Earnings per share at $0.10 before the extraordinary, up from a loss of $0.60, were below the consensus market expectation of $0.12. After the extraordinary item, the outcome was a loss per share of $0.02. The difference between the outcome and market expectations was attributed to higher wood costs because of wet weather and maintenance and restart costs associated with downtime taken in Florida.
The US paper and packaging sector has been battered by weak product prices despite good demand. But JSC expects product prices to improve during the year as long as stock levels continue to fall in the current quarter.
Share prices of US paper and packaging groups rose by 15 per cent earlier this week, but weakened back again on Wednesday after lower-than-expected falls in inventory - stocks of paper held by the companies - and lower-than-expected corrugated box shipments were reported for March.
The industry inventory figures, which showed a 1.7 per cent fall in stock levels, were well below the expected fall of more than five per cent. This means that the $50 per ton price rise that the producers plan to implement from May 1st is now less likely to stick.
However, the JSC spokesman said the fall in stock levels reflected the fact that all the downtime announced for March was not taken then. "It is only one month's figures," he said. Significant downtime is expected to be taken this month, he added.
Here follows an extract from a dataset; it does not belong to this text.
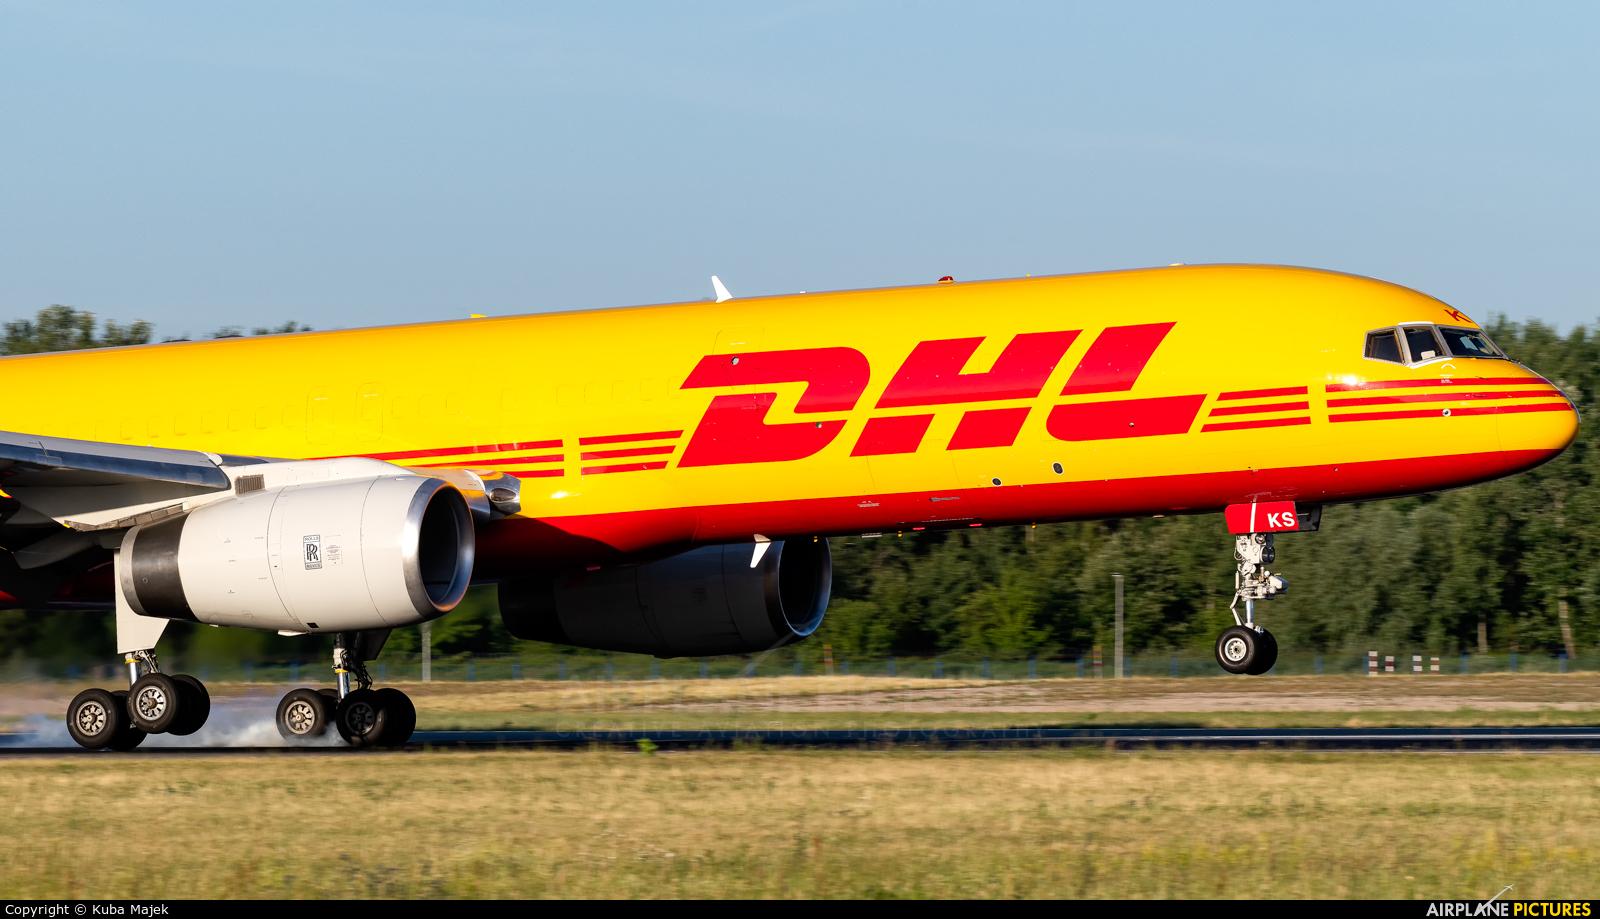 DHL Cargo G-DHKS aircraft at Warsaw - Frederic Chopin

JSC is taking 15,000 tons out of production.
Significant falls in stock levels are critical to achieving the increases in product prices that immediately feed into profits for the paper companies because of their high fixed-cost bases. The likelihood of a price increase in the current quarter will depend on the industry stocks and shipments figures for April.
In a generally upbeat comment, JSC president and chief executive Mr Richard Graham said the results reflected improved market conditions and prices. Newsprint prices were 19 per cent ahead of the corresponding period last year while containboard prices were 17 per cent ahead.
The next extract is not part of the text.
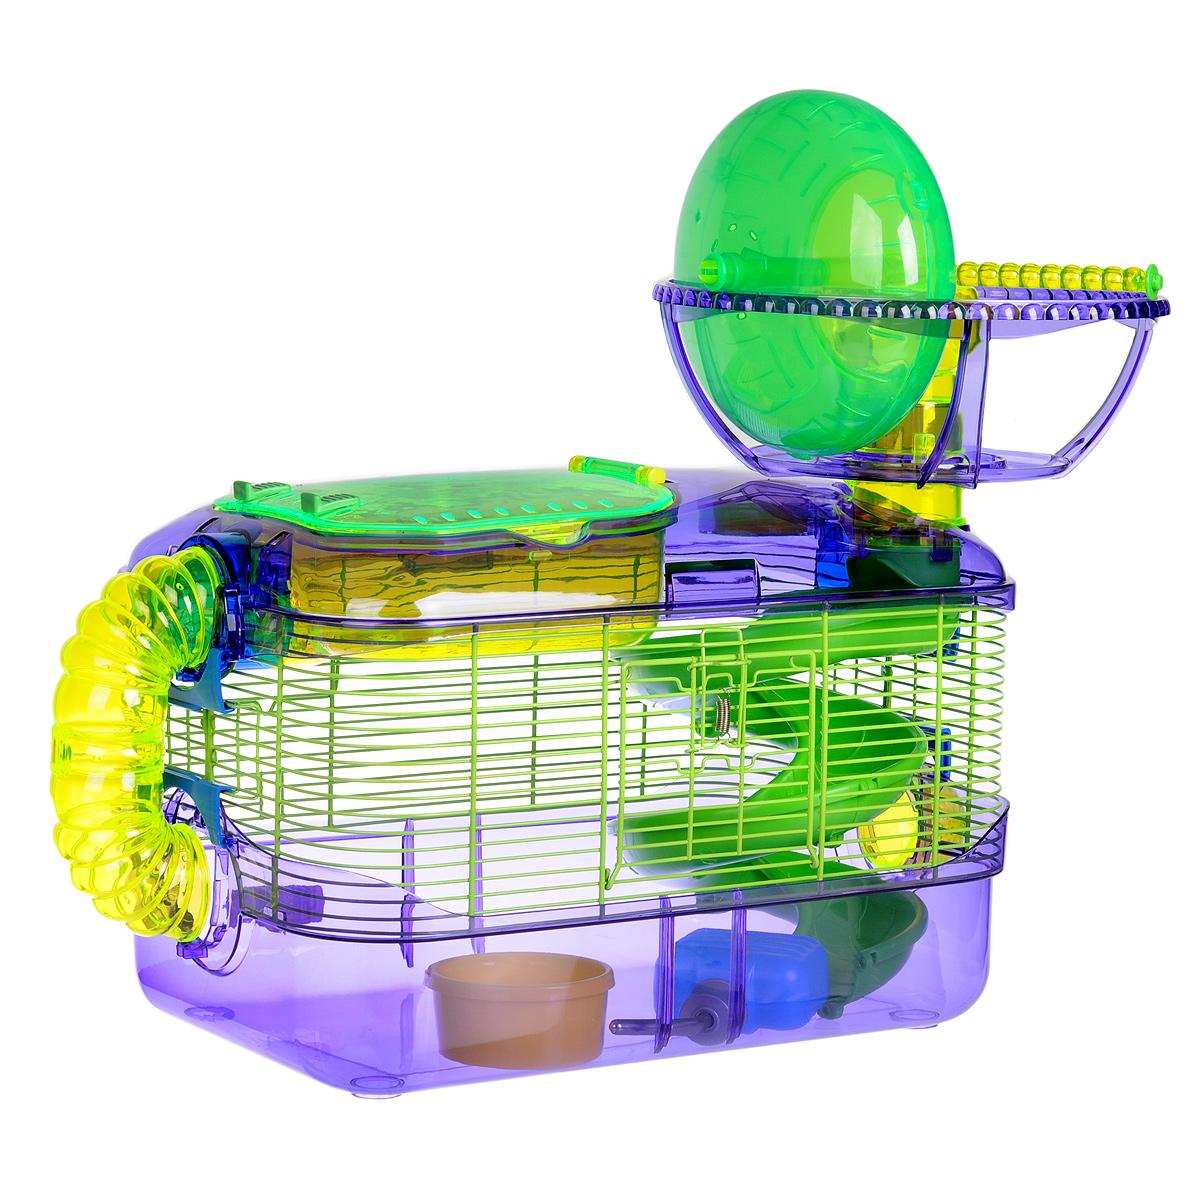 Клетка для грызунов I.P.T.S. X-treme, с игровым комплексом, 54 см х 32 см х 46 см0120710Просторная клетка для грызунов I.P.T.S. X-treme будет служить домом и одновременно местом для экстремальных развлечений. Лабиринты, разные уровни, колесо для упражнений, специальная труба для передвижения - все это позволит грызуну всегда оставаться в хорошей физической форме. Клетка снабжена кормушкой и поилкой. Такая клетка станет уединенным личным пространством и уютным домиком для маленького грызуна.

Good domestic demand and limited capacity additions "have been driving a steady increase in prices for the past twelve months", he said. On the outlook, he said JSC would benefit from lower fibre and interest costs but additional mill downtime in April will have a negative impact on the second quarter results.
A JSC spokesman was reluctant to comment on the long-awaited restructuring of the company to reduce costs, concentrate on core products and find an industry partner to replace Morgan Stanley.